# Experience



## WhiteRabbit (Apr 6, 2010)

Ok how do you get the experience to deal with DWA listed animals? 
Iv read some keepers use rat snakes to help, but i have ratsnakes (radiated and black) And i dont think there that bad... On the other hand i looked after a friends mangroves while he was away on holiday, they move like poop off a shovel and i wasn't really prepared! Have been looking after boas and large pythons for years, but they took me by surprise! so how do you get prepared for the likes of a monicaled cobra? 

Also any death adder keepers on here there the only dwa snake i have an interest in, Was shown one in Australia and it did take me back to being 2 shouting i want one in a pet shop!

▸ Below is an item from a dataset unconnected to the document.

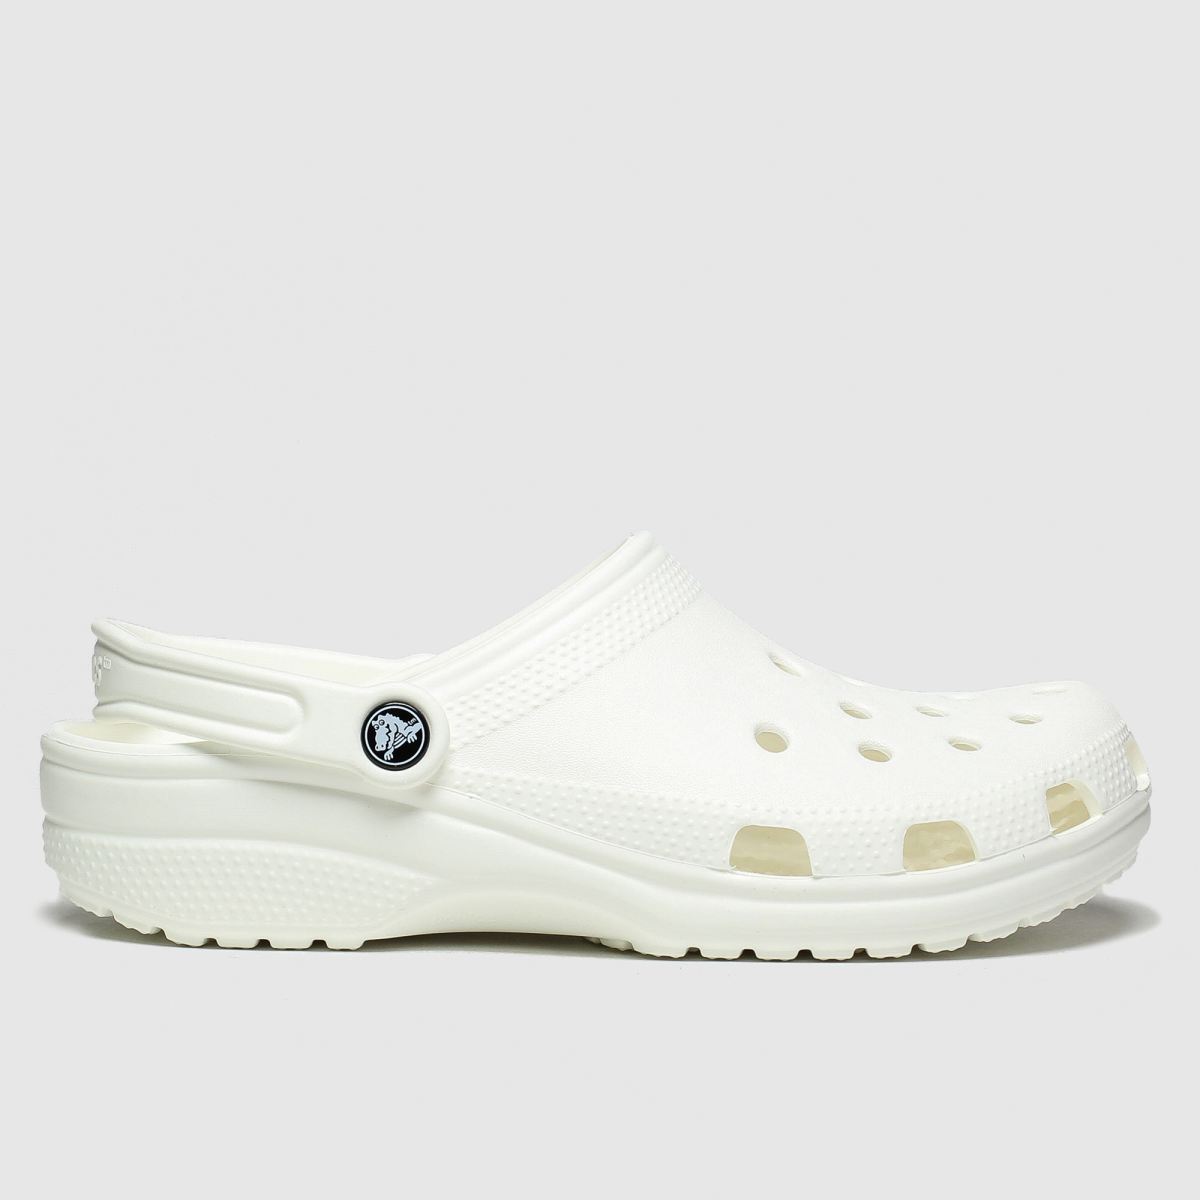 Crocs White Classic Clog Sandals

Would love some pic's : victory:


----------



## wildlifewarrior (Jun 26, 2008)

all i will say is you certainly arent ready if a mangroves crap you up.

ive got 11 mangroves and there a doddle to work with.....they stand up,then they puff up,then they gap and then they hiss....4 signs they dont like you before they bite...


----------



## STReptiles (Feb 6, 2009)

I dont think any non venomous snake is going to prepare you for handling venomous snakes tbh, if anything id say get an EVIL blood python, they have a very fast strike and are fairly unpredictable imo: victory:


----------



## WhiteRabbit (Apr 6, 2010)

wildlifewarrior said:


> all i will say is you certainly arent ready if a mangroves crap you up.
> 
> ive got 11 mangroves and there a doddle to work with.....they stand up,then they puff up,then they gap and then they hiss....4 signs they dont like you before they bite...

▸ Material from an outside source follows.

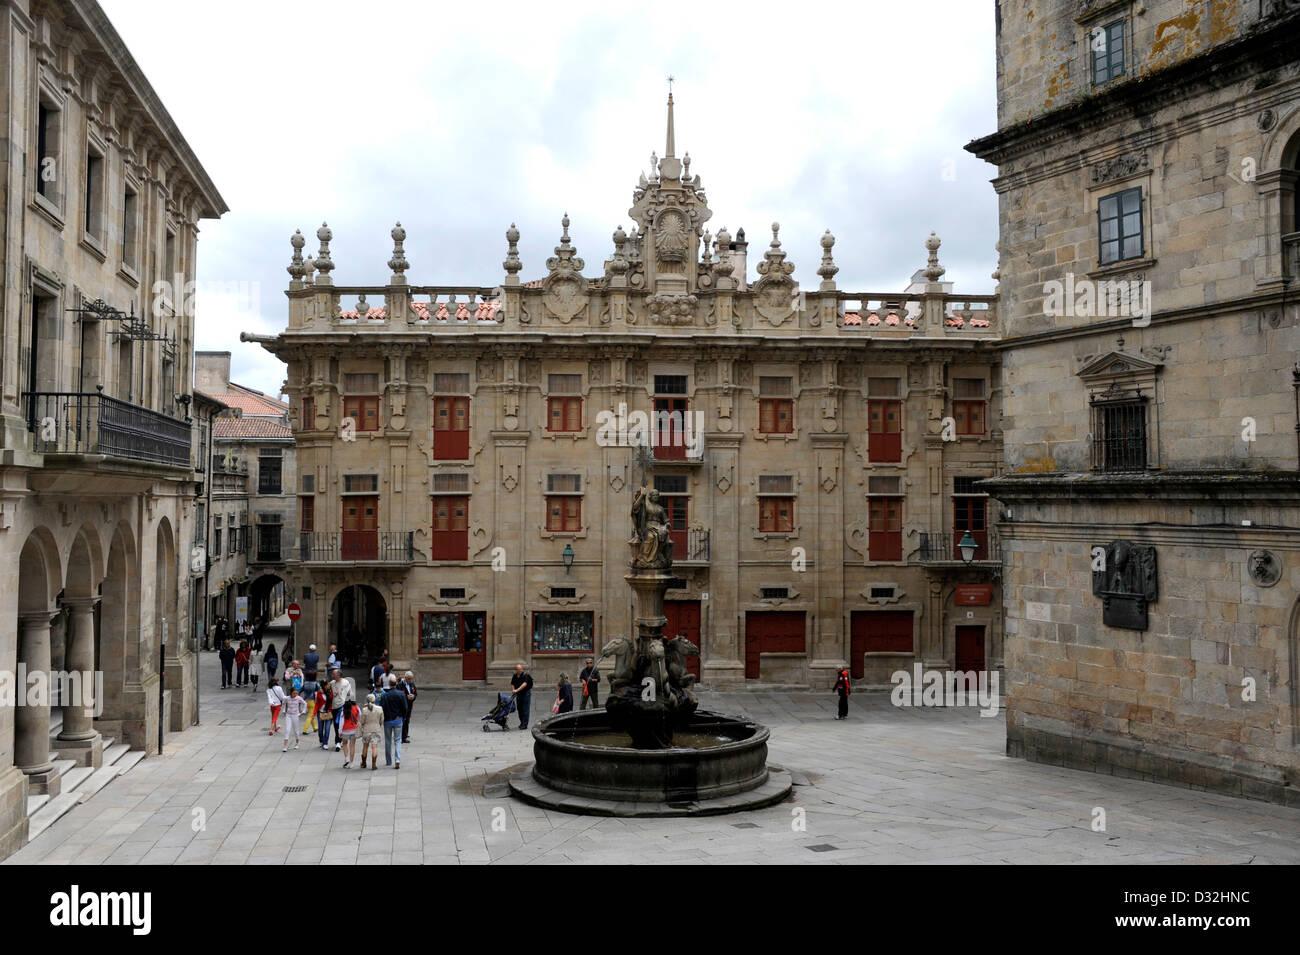 Santiago de Compostela,Pilgrimage,Way of St. James,La Coruna province,Galicia,Spain,UNESCO World Heritage - Stock Image

Was my first experience with a venomoid, and one of them was an evil B! None of the hissing and puffing it just went for me, i was warned about that one but still wasn't ready! But still changed water and sprayed them down every day. 
Saying that im still not keeping one! 

I just want to know how do you get ready for keeping something that can potentially do you harm? i know housing and the general environment is something you have in place before the animal is there and there are contingency plans if something go's wrong, but how do you train, for lack of a better word, to deal with a retained eye cap etc... 

Would like to add i have no intention of getting a dwa unless large boids go on them (unlikely i know) Just death adders are an amazing little critter. still wouldn't keep one. I take reactions to hognose bites so im sticking to constrictors, just curious how you get ready for say a mamba, cobra... do you get one young and learn with that animal? or start on a less dangerous snake and work up to the desired snake?


----------



## kieran8143 (Mar 10, 2008)

WhiteRabbit said:


> _*Was my first experience with a venomoid*_, and one of them was an evil B! None of the hissing and puffing it just went for me, i was warned about that one but still wasn't ready! But still changed water and sprayed them down every day.
> Saying that im still not keeping one!
> 
> I just want to know how do you get ready for keeping something that can potentially do you harm? i know housing and the general environment is something you have in place before the animal is there and there are contingency plans if something go's wrong, but how do you train, for lack of a better word, to deal with a retained eye cap etc...
> ...



a mangrove is not a venomoid. they can give you one hell of a nasty bite and have some pretty potent venom to go with it! 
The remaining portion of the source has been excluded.